The Millionaire Affair
Page 12
‘I was with your boss. It was you who left me your business card, after all.’ He shrugged. ‘I checked. He invited me in. As I say, it was instructive.’
‘I’m glad,’ said Lisa. It was a lie. ‘Now, please will you give me my waist-pouch? I’ve got a lot to do this morning and I’d like to get on.’
Nikolai didn’t move from the mantelpiece. ‘And is it true?’
‘Of course it—’ Lisa checked. ‘Is what true?’
‘Do you really not need a man?’ he reminded her.
‘Oh, puh-lease!’ She was exasperated.
‘Because you told me that you lived with one man at a time. And there doesn’t seem to be anyone else living in Tatiana’s basement at the moment.’
He watched her closely. He was not going to tell her that he had met Alec Palmer. Not yet, anyway. He wanted her to tell him about Alec herself. He wanted there to be a reason for the break-up that was more than her upwardly mobile career. He waited.
Lisa looked at him with hot eyes. ‘My bag.’
Nikolai’s shoulders slumped.
‘Your boss is wrong, isn’t he?’ he said slowly.
‘My bag.’
‘You’re not a party girl at all. Though for your own reasons you choose to pretend you are. You’re a career woman going places. And nothing is more important than that.’

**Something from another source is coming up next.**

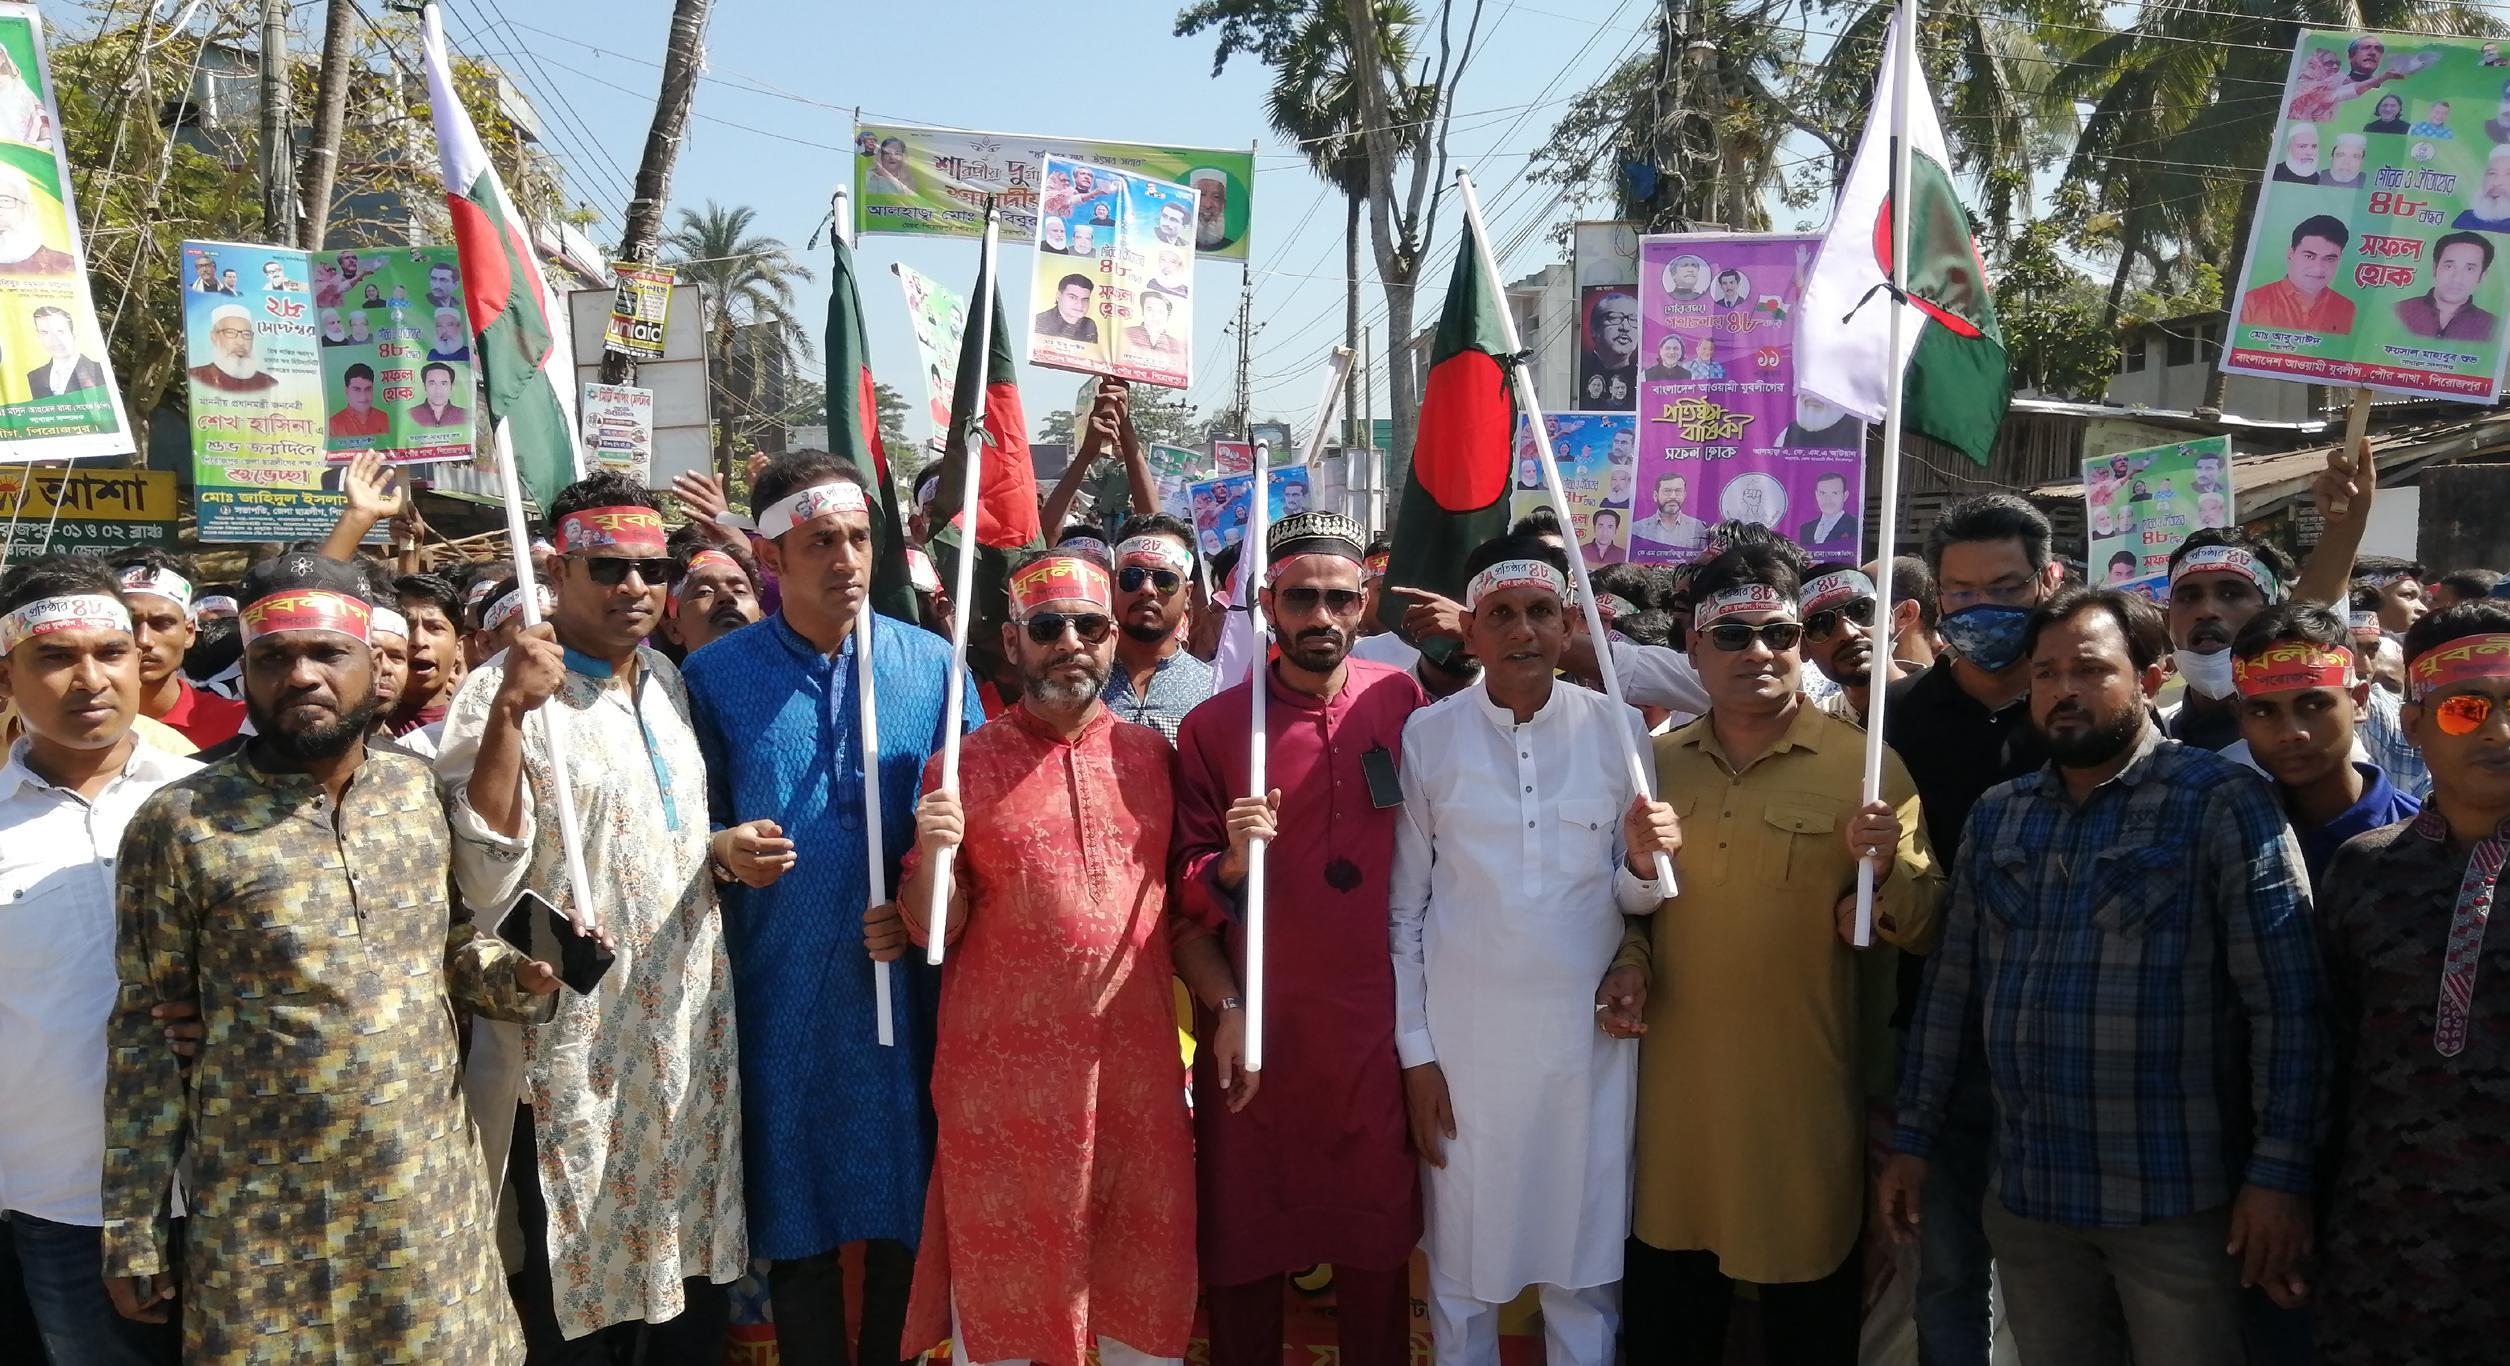 পিরোজপুরে যুবলীগের ৪৮তম প্রতিষ্ঠা বার্ষিকীতে র্যালী ও যুব সমাবেশ অনুষ্ঠিত

‘Well, at least it’s better than hanging around snooping on people,’ Lisa snapped, goaded. ‘You obviously don’t have any career at all.’
Nikolai was taken aback. It hadn’t occurred to him that she would turn his own arguments against him. He had no defence prepared.

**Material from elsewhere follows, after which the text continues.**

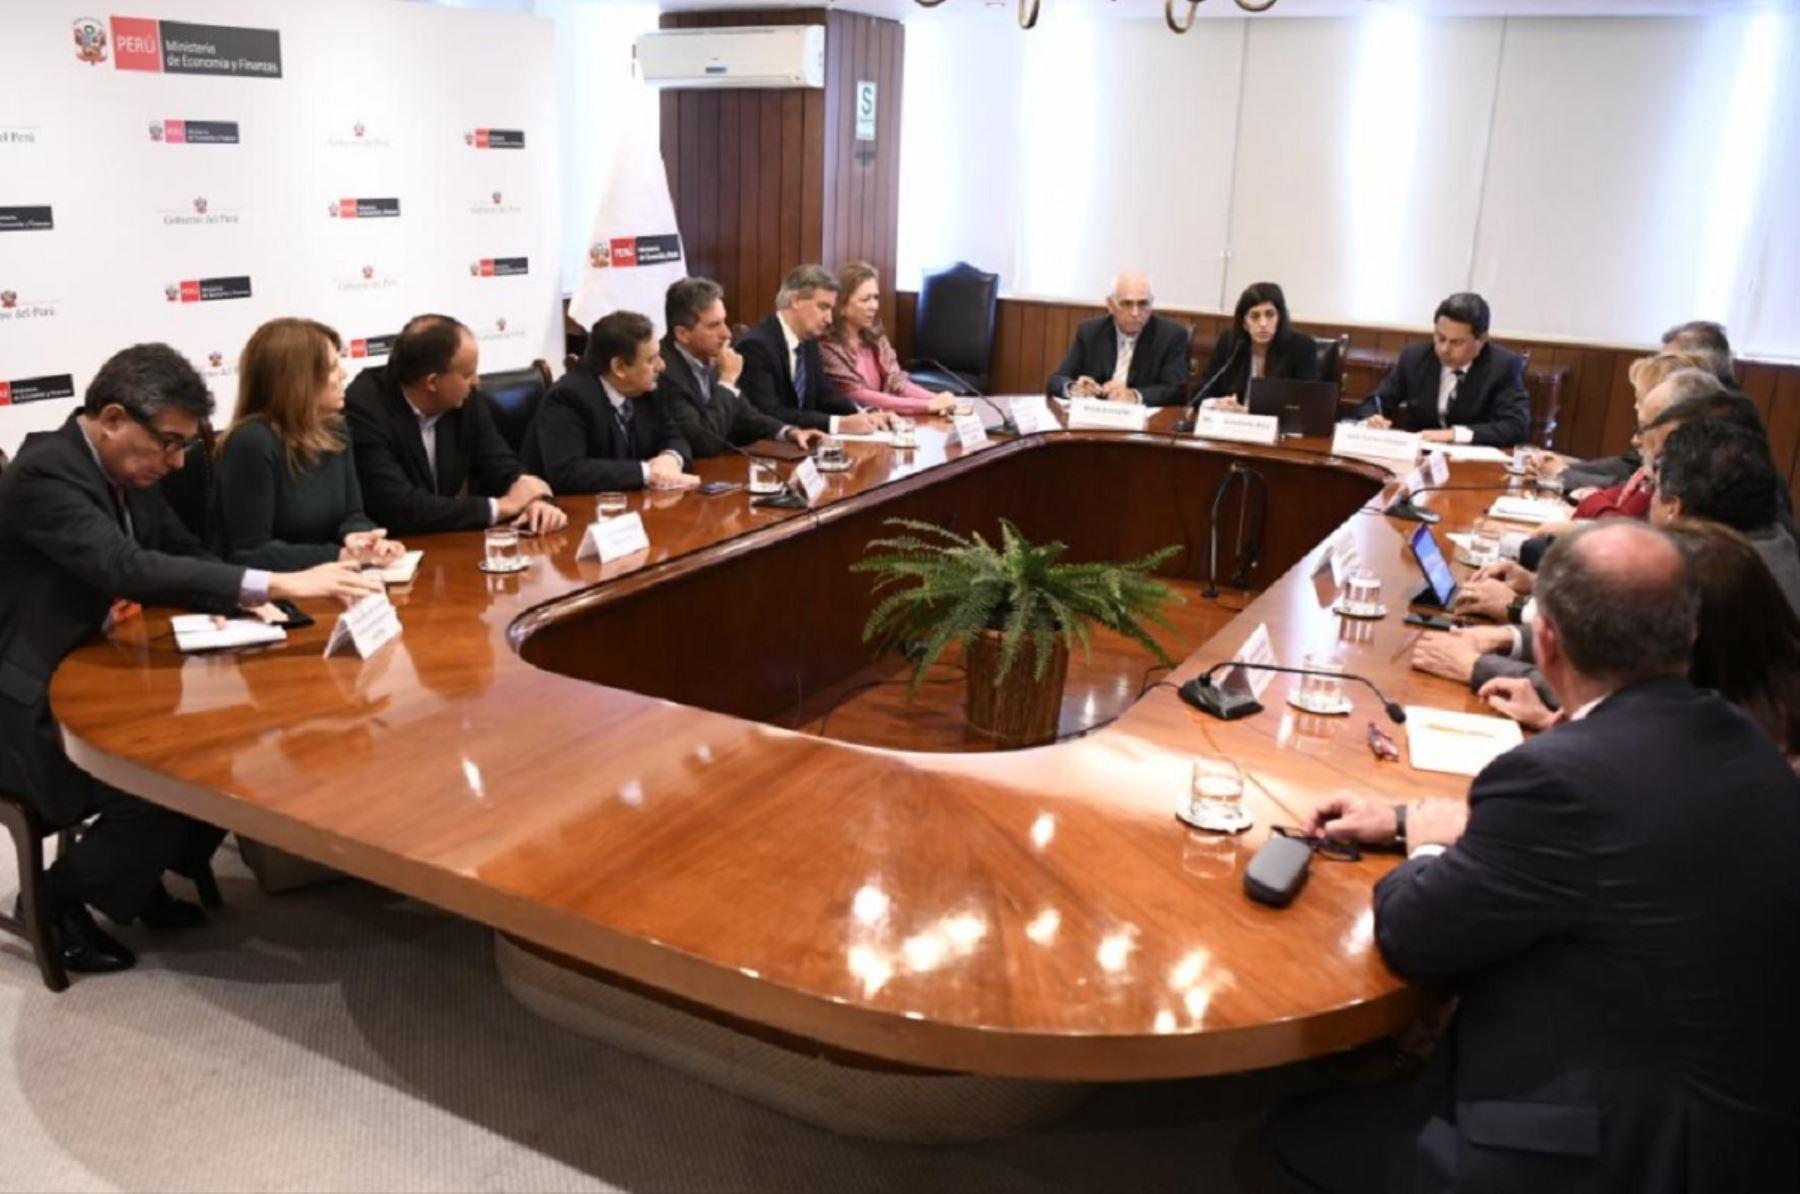 Reunión de la ministra de Economía y Finanzas, María Antonieta Alva con gremios empresariales. Foto: Cortesía.

Lisa was in a rage. ‘Why bother with the explorer bit?’ she said with contempt. ‘Or is it a rich man’s hobby to take you somewhere warm in winter?’
His eyes narrowed. ‘What makes you think I’m rich?’
She shrugged.
‘Did you ask?’
‘Why shouldn’t I? Are you the only one allowed to check up on other people?’ she flashed.
‘I wasn’t asking about your wealth.’
‘Yes, you were. Along with a whole load of other things.’ She gave him a nasty smile. ‘I’m just not as nosy as you. I don’t care how many girlfriends you have.’
She spied her waist-pouch. It must have fallen off when he’d carried her in. It was lying half hidden under the sofa. She caught it up with a cry of triumph.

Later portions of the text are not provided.